Repeat every line of the data exactly, but not the pictures.

* Collected material *
* * * * *

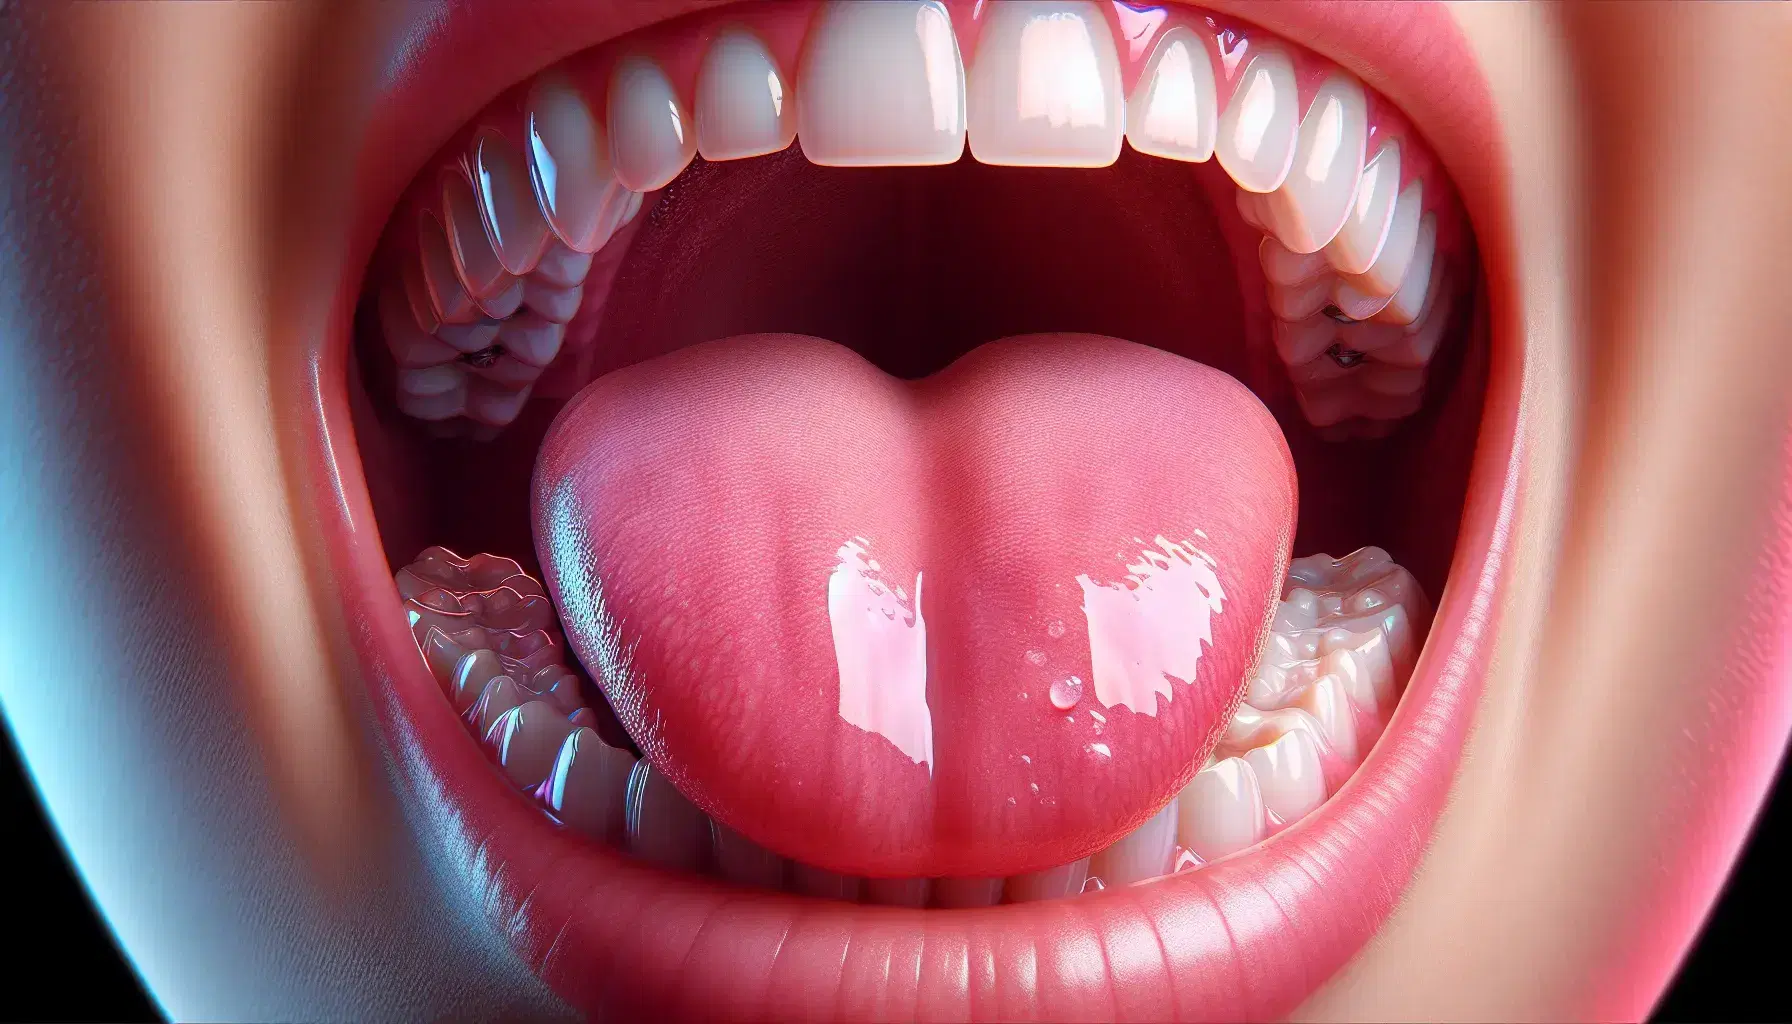 Primer plano de una boca abierta mostrando una lengua rosada y sana, dientes blancos y alineados, y encías firmes sin inflamación.
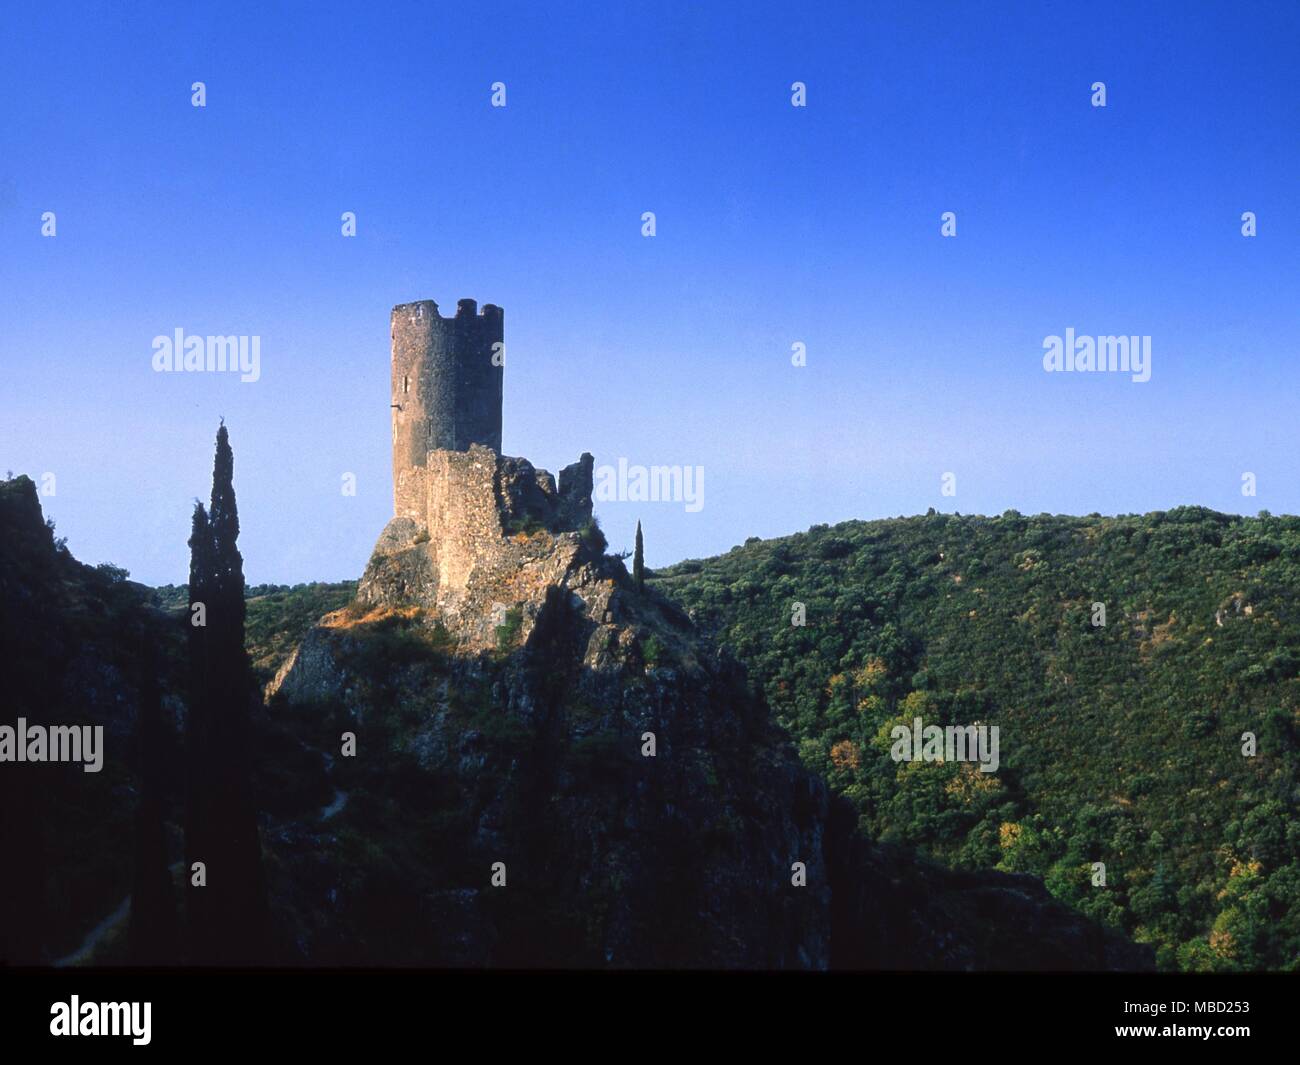 Bleibt einer der vier Berge Festungen von den Tempelrittern im 13. Jahrhundert belegt. Stockfoto
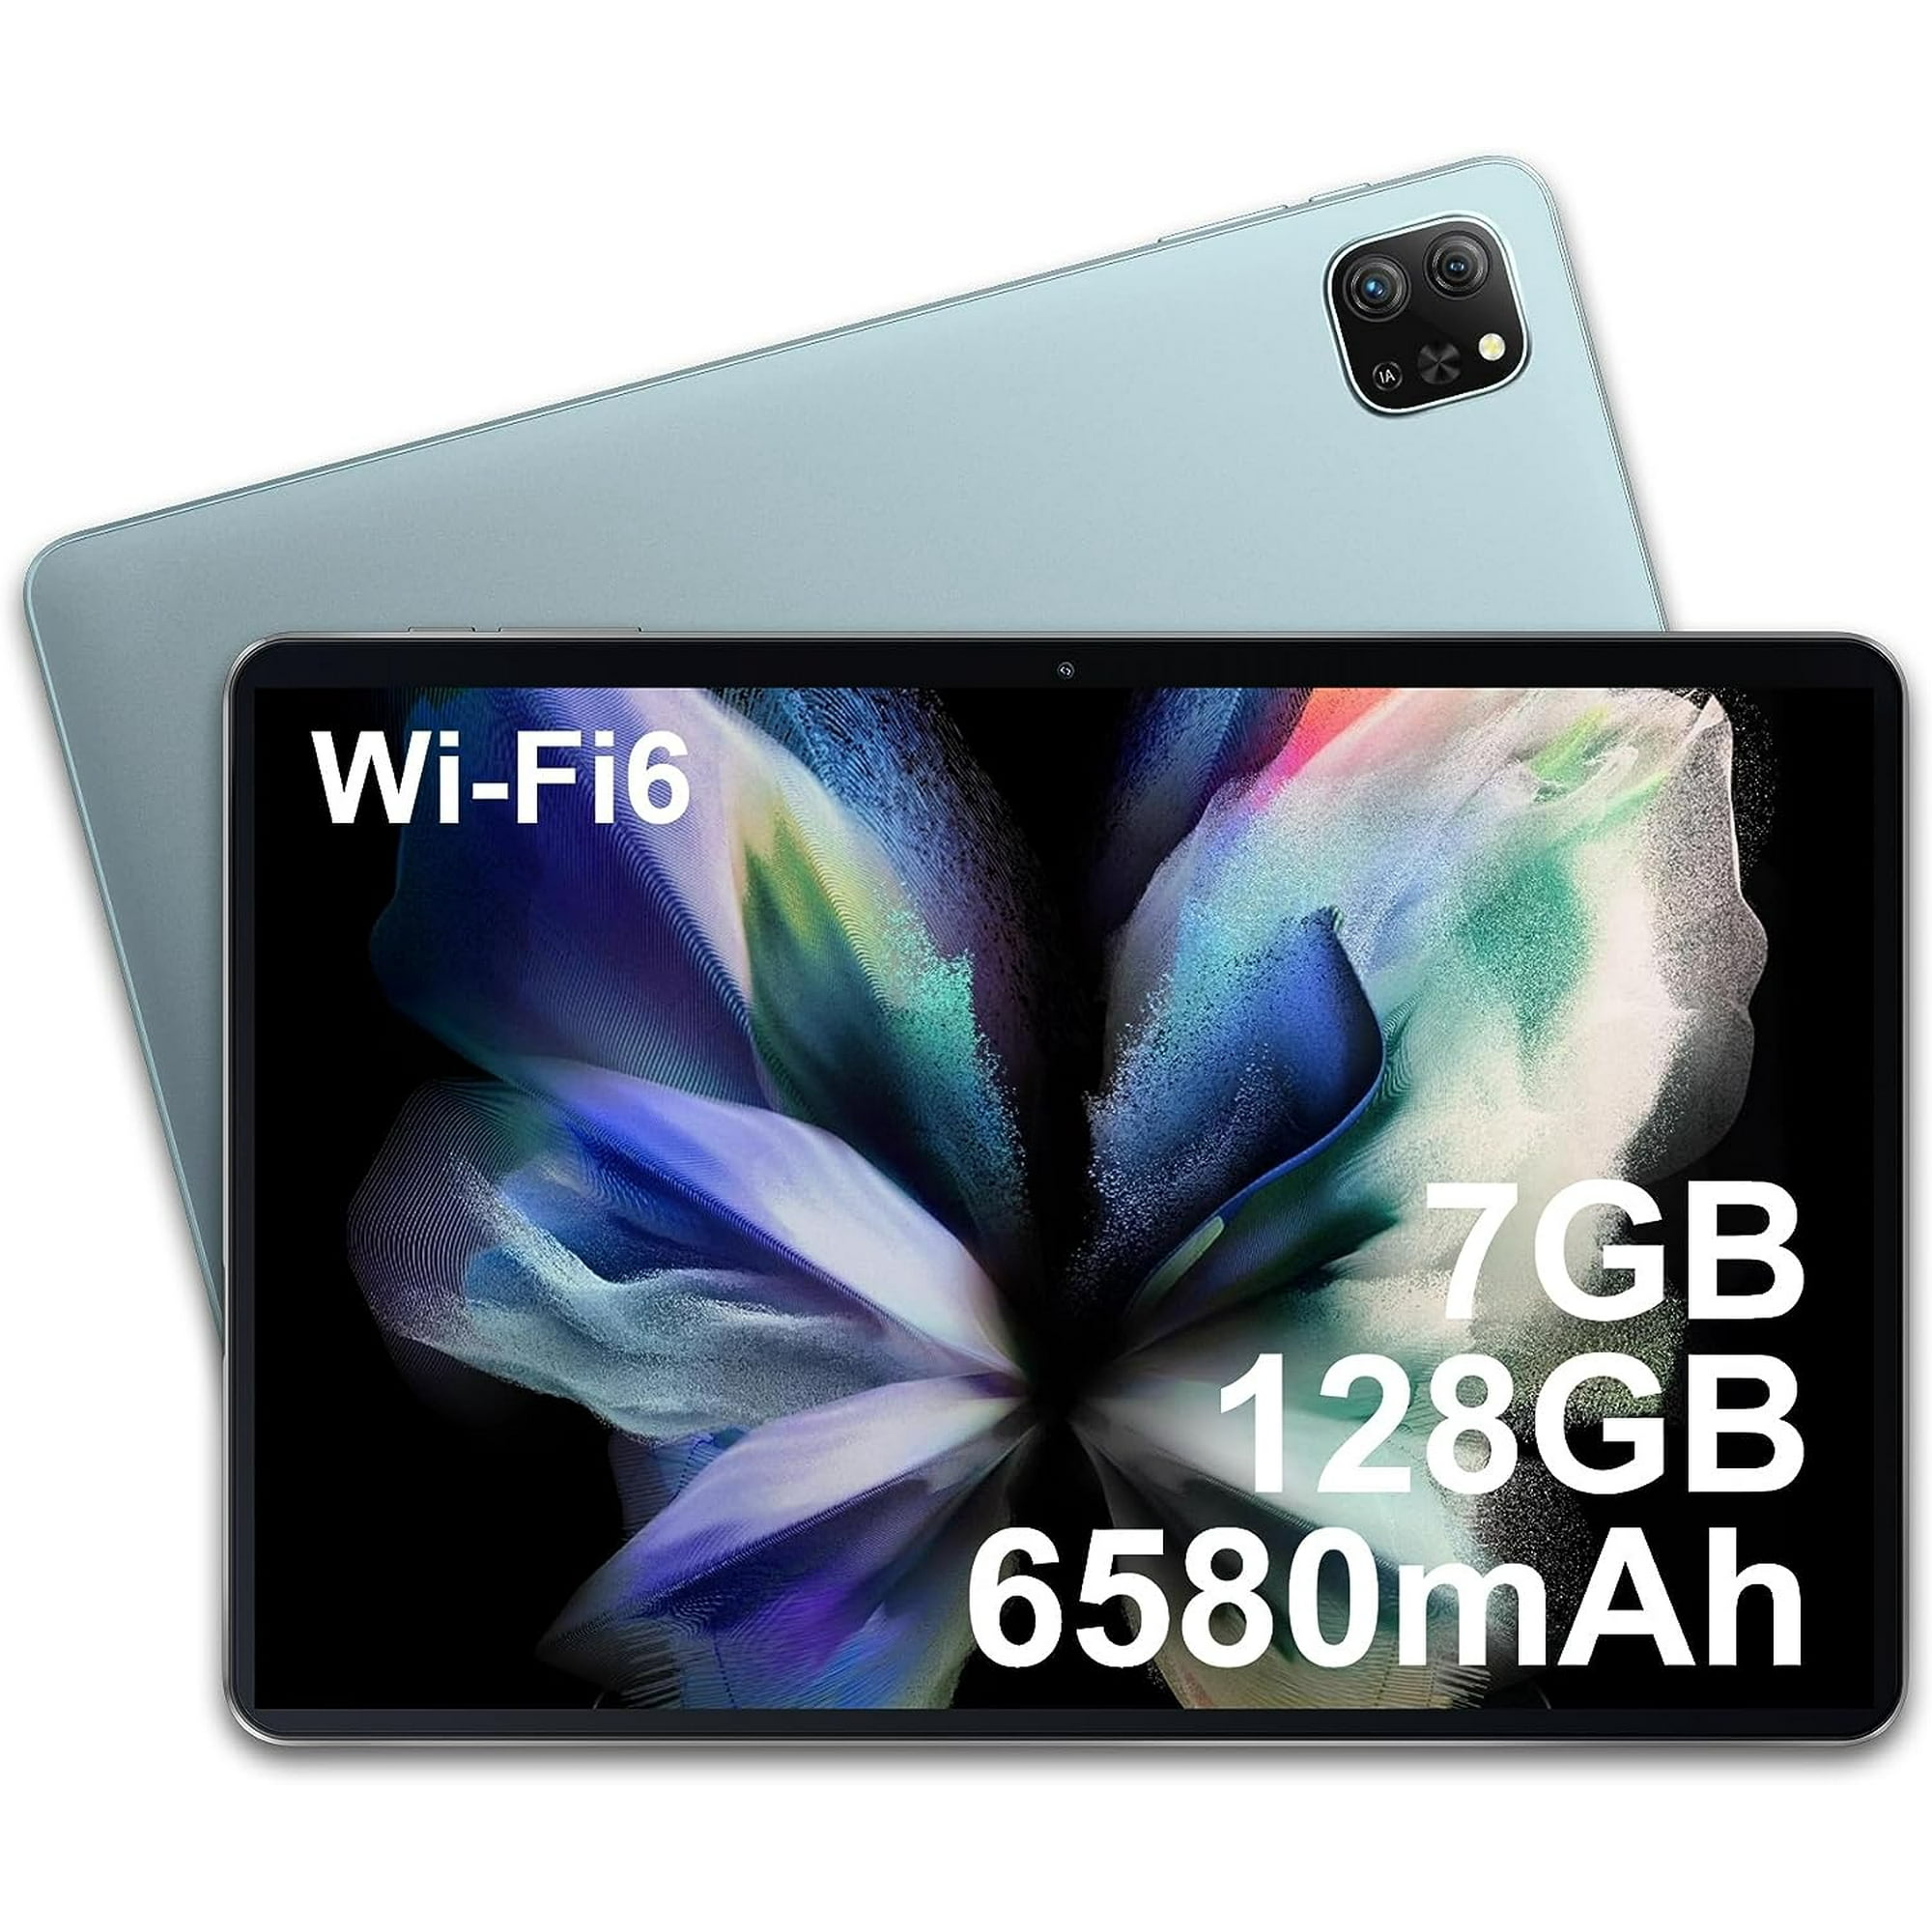 WiFi 6タブレットPAD70 10.1インチ7GB RAM+128GB

* * * * *

* Solution for this exercise *
 Primer plano de una boca abierta mostrando una lengua rosada y sana, dientes blancos y alineados, y encías firmes sin inflamación.
 Bleibt einer der vier Berge Festungen von den Tempelrittern im 13. Jahrhundert belegt. Stockfoto
 WiFi 6タブレットPAD70 10.1インチ7GB RAM+128GB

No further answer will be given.